Ultrafast Imaging of Cardiomyocyte Contractions by Combining Scanning Ion Conductance Microscopy with a Microelectrode Array.

Beating cardiomyocytes undergo fast morphodynamics during the contraction-relaxation cycle. However, imaging these morphodynamics with a high spatial and temporal resolution is difficult, owing to a lack of suitable techniques. Here, we combine scanning ion conductance microscopy (SICM) with a microelectrode array (MEA) to image the three-dimensional (3D) topography of cardiomyocytes during a contraction-relaxation cycle with 1 μm spatial and 1 ms time resolution. We record the vertical motion of cardiomyocytes at many locations across a cell by SICM and synchronize these data using the simultaneously recorded action potential by the MEA as a time reference. This allows us to reconstruct the time-resolved 3D morphology of cardiomyocytes during a full contraction-relaxation cycle with a raw data rate of 200 μs/frame and to generate spatially resolved images of contractile parameters (maximum displacement, time delay, asymmetry factor).
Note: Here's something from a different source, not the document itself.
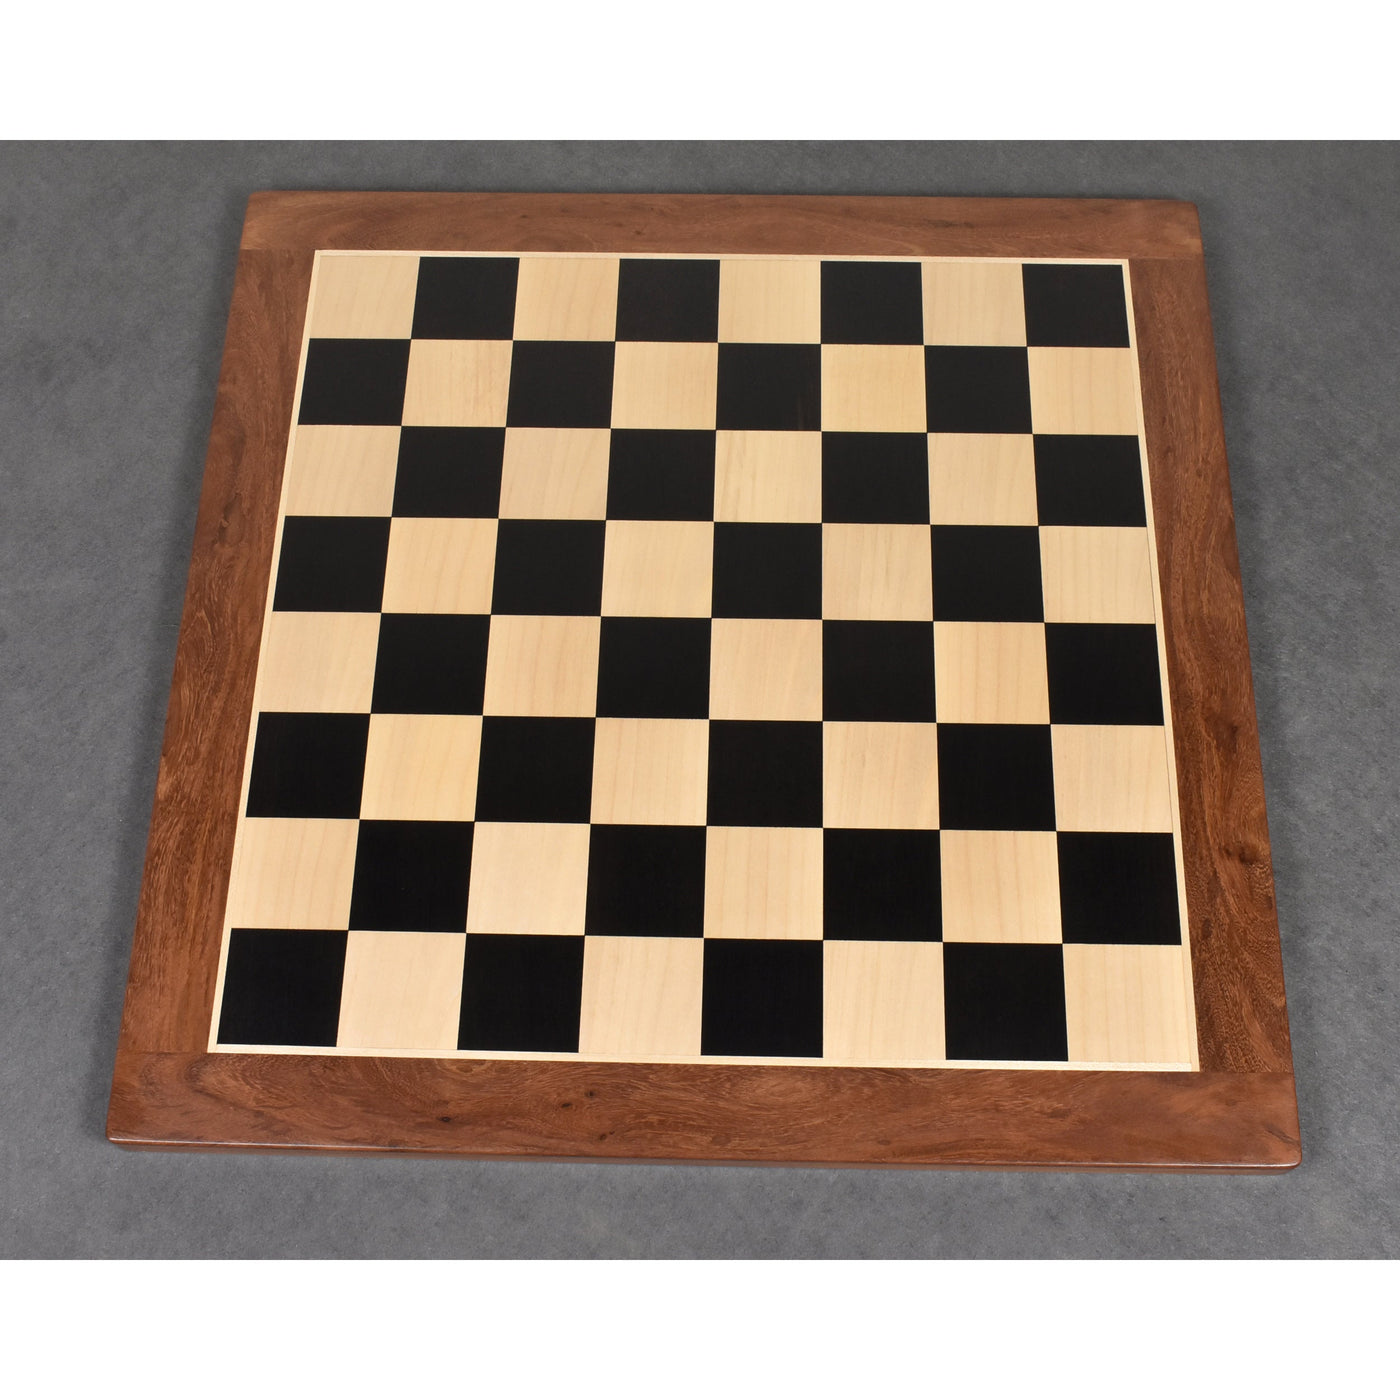 Combo of 4.6" Prestige Luxury Staunton Ebony Chess Pieces with 23" Large Ebony & Maple Wood Chessboard and Storage Box

We use the MEA-SICM setup to visualize the effect of blebbistatin, a myosin II inhibitor, on the morphodynamics of contractions. Further, we find an upper limit of 0.02% for cell volume changes during an action potential. The results show that MEA-SICM provides an ultrafast imaging platform for investigating the functional interplay of cardiomyocyte electrophysiology and mechanics.